Le partage apparaît plus simple à organiser dans le temps , en répartissant les usages cultuels et les autres usages selon les horaires de la journée, les jours de la semaine, ou même les périodes de l'année, à l'instar du centre d'interprétation du vitrail, mis en place au sein de l'église Saint-Hilaire de Mortagne-sur-Sèvre chaque année du 1 er avril au 30 octobre. Le culte catholique est moins ouvert à un partage de l'espace, susceptible de remettre en cause l'expression de la foi qui émane de chaque partie de l'édifice. Celui-ci est plus aisé quand les espaces sont séparés.

Si l'enjeu de la réappropriation des édifices cultuels par la population locale commande de l'associer à la réflexion sur les usages envisagés pour garantir le succès du projet, un accord entre le maire et l'affectataire autour des usages possibles est nécessaire.
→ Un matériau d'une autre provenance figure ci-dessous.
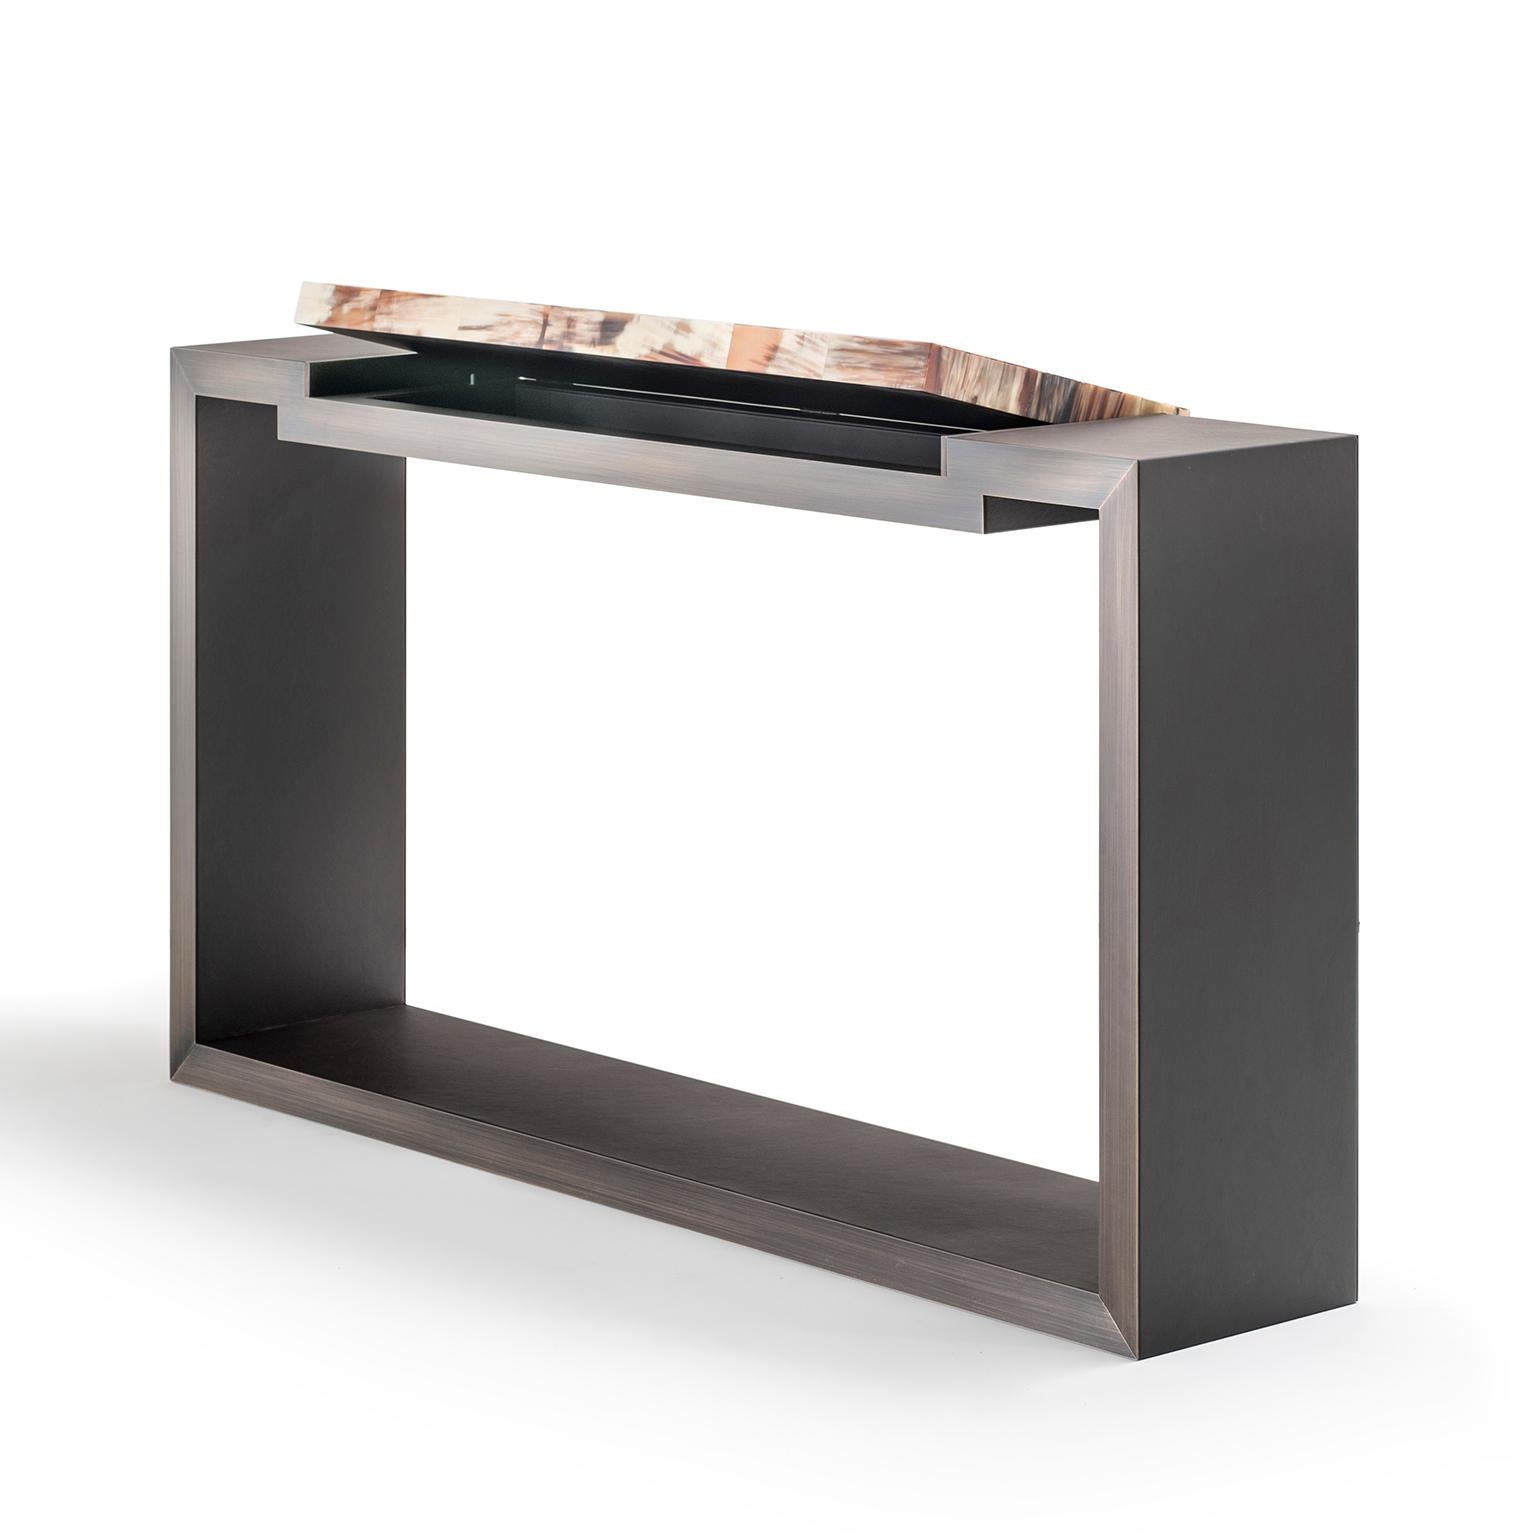 Functionality and aesthetics meld together in Essenziale console table, handcrafted of dark brown Tosca leather (cat. Super). Equipped with an elegant secretaire in Corno Italiano, boasting warm and inviting color tones with matte finish, the

Afin de réduire les tensions éventuelles entre ces deux autorités, il serait opportun d'avoir recours à des conventions-types afin de clarifier leurs relations et de dresser la liste des activités compatibles.

Le développement d'usages mixtes ne sera possible qu'à la condition d'un dialogue renforcé entre les élus et les représentants des cultes . La qualité du dialogue entre ces deux autorités sera déterminante pour lever les craintes du culte face à la perspective de cette évolution et permettre aux maires de mieux comprendre les enjeux de l'affectataire. Des efforts restent nécessaires de part et d'autre pour lever la méfiance entre ces deux autorités et accroître leur connaissance mutuelle, les nouveaux élus étant de moins en moins sensibilisés aux questions religieuses sous l'effet de la sécularisation de la société. L'association des maires de France, comme la Conférence des évêques ont un rôle pédagogique à jouer vis-à-vis des élus et des curés (guides pratiques, formations).

Recommandation n° 9 : Favoriser l'usage partagé des édifices cultuels en clarifiant, par des conventions-types, les relations entre le maire, le curé affectataire et le diocèse.

La voie des usages partagés apparaît préférable à celle de la désaffectation .

D'une part, elle n'a pas un caractère irréversible comme la désaffectation, qui est définitive, quand bien même un nouveau besoin d'édifices cultuels se ferait de nouveau sentir suite à une recrudescence de la pratique religieuse. L'édifice ne pourrait plus alors bénéficier du régime de l'affectation prévu par la loi de 1905.

D'autre part, les usages partagés permettent d'éviter que l'édifice ne subisse des transformations qui ne respecteraient pas les caractéristiques architecturales de l'édifice et pourraient entraîner la perte de valeur patrimoniale et artistique du bien.

Dans un certain nombre de cas, la désaffectation est néanmoins souhaitée à la fois par le maire, l'affectataire et la population locale, afin d'assurer une renaissance de l'édifice promis à la démolition. La France compte de plus en plus d'exemples réussis d'anciennes églises transformées en bibliothèques, en médiathèques, en musées ou espaces culturels, en épiceries solidaires ou même en refuges pour randonneurs.

Pour la pérennité du patrimoine, il apparaît souhaitable que le bien, une fois désaffecté, demeure dans le patrimoine public de la commune plutôt qu'il ne soit vendu à des personnes privées.

D'une part, il n'est pas possible de faire figurer dans un acte de vente une clause empêchant tel ou tel usage, ou telle ou telle démolition. Le premier propriétaire peut s'engager à respecter certains souhaits, mais les propriétaires suivants ne seront pas liés par cet engagement, dans la mesure où le bien n'est grevé d'aucune servitude.

D'autre part, le maintien de l'édifice dans le patrimoine de la commune est un moyen de préserver le symbole qu'il représente pour la population locale et de lui permettre de conserver l'une de ses vocations originelles, à savoir d'être un lieu de rassemblement pour toute la communauté locale.